金屬–空氣燃料電池包括鋅–空氣及鋁–空氣電池，由於結構簡單、高比能量、原料便宜、性質安定以及諸多優點，此類電池已被應用在低功率的攜帶式電子設備上。為了符合國內未來在電動車輛上的能源需求，空氣陰極的活性(或是氧氣的還原速率)必須提升以達到高比能量/功率的規格。氧氣於鹼性電解液中的還原機制是在空氣陰極內部的導電粉體(如：碳黑加觸媒)表面上進行的，此粉體表面吸附反應物(O2、H2O及OH–)與釋出生成物(OH–及HO2–)等，其功能類似一個反應載體。其中觸媒對氧氣的還原催化性能是陰極活性的主要決定因素，考量廉價的觸媒才能以合理的成本進行量產實用化。 本研究著重於非貴重金屬的氧化物觸媒，以ACP法製備一系列過渡金屬氧化物，如：La-Ca-Co-O、Y-Ba-Cu-O、Ba-Ru-O、Co-O、Cu-O以及Ru-O化合物，且利用H2O2分解反應測試其觸媒活性，結果顯示在350℃下鍛燒之化合物的活性較佳，尤以Y-Ba-Cu-O化合物最好。
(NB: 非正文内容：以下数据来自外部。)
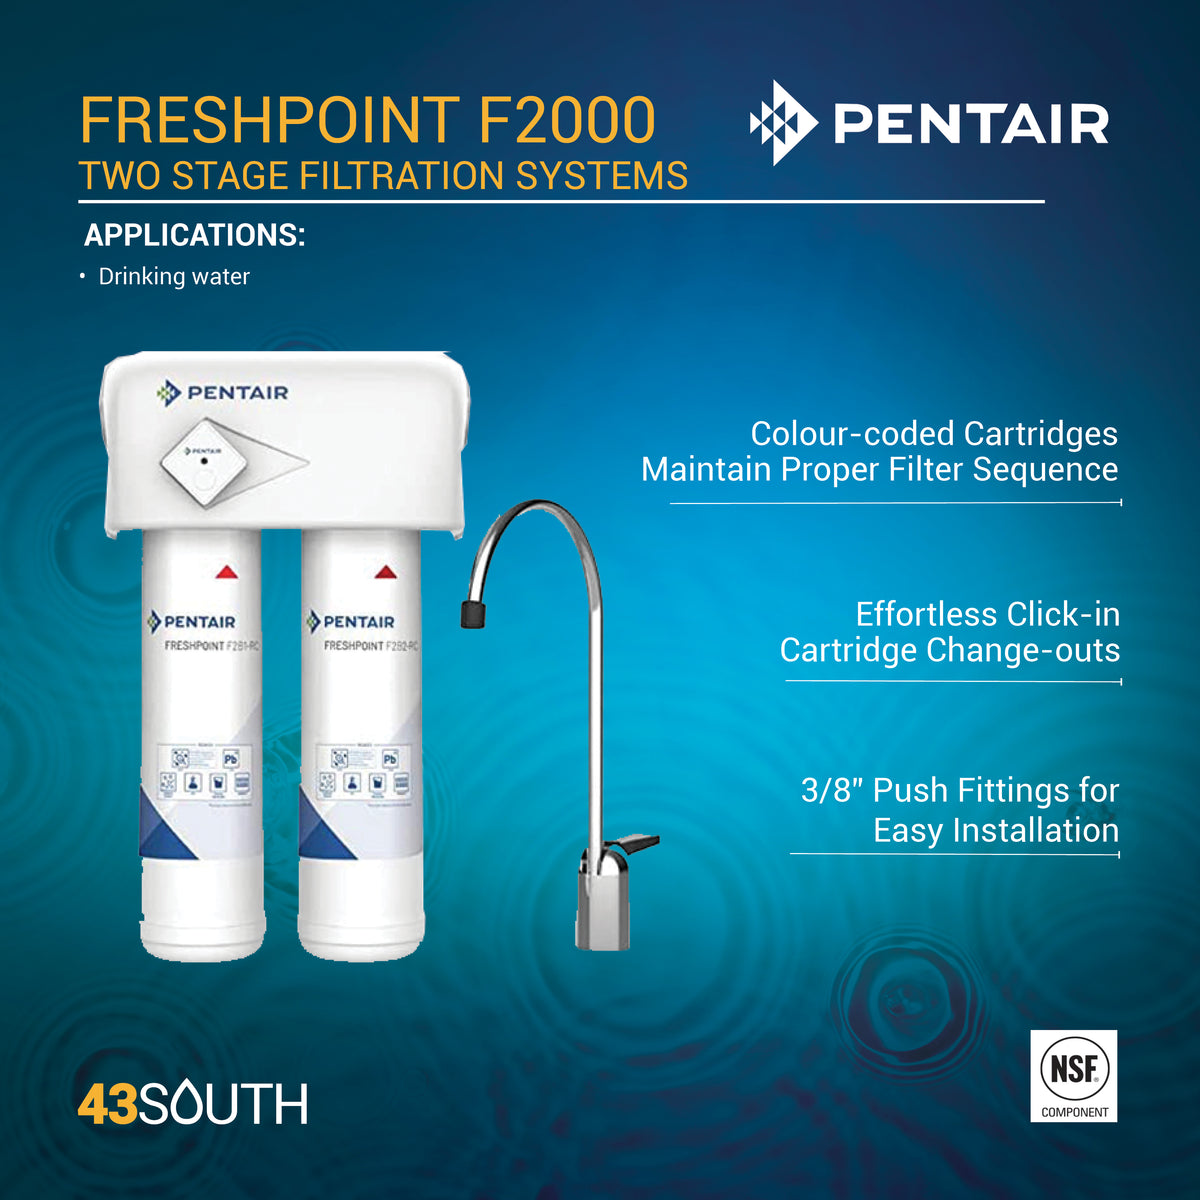 Freshpoint F2000

在本研究中，空氣陰極是以混合漿料法製作成多孔性電極結構，所得之最佳製程為：擴散層成分由60wt%碳黑與40wt%PTFE組成，催化層則含60wt%碳黑、20wt%催化劑與20wt%PTFE，將擴散層與催化層疊壓在鎳網上。 本研究利用三種常用的電化學方法，包括定電流放電法、循環伏特安培法以及Tafel極化曲線分析，針對不同催化劑的空氣陰極進行測試，結果顯示在定電流放電法中以Co3O4、RuO2、CuO在350℃下鍛燒的效能最佳。以循環伏特安培法知其各空氣極產生氧化還原的電位。進行Tafel極化曲線分析顯示空氣極的電位不易達理論值，而受動力學控制，導致開路電壓相差達0.3~0.65V；並顯示出氧還原及氧生成反應的性能，氧生成反應與表面積有很大的關係，導致純碳材的催化效能最佳。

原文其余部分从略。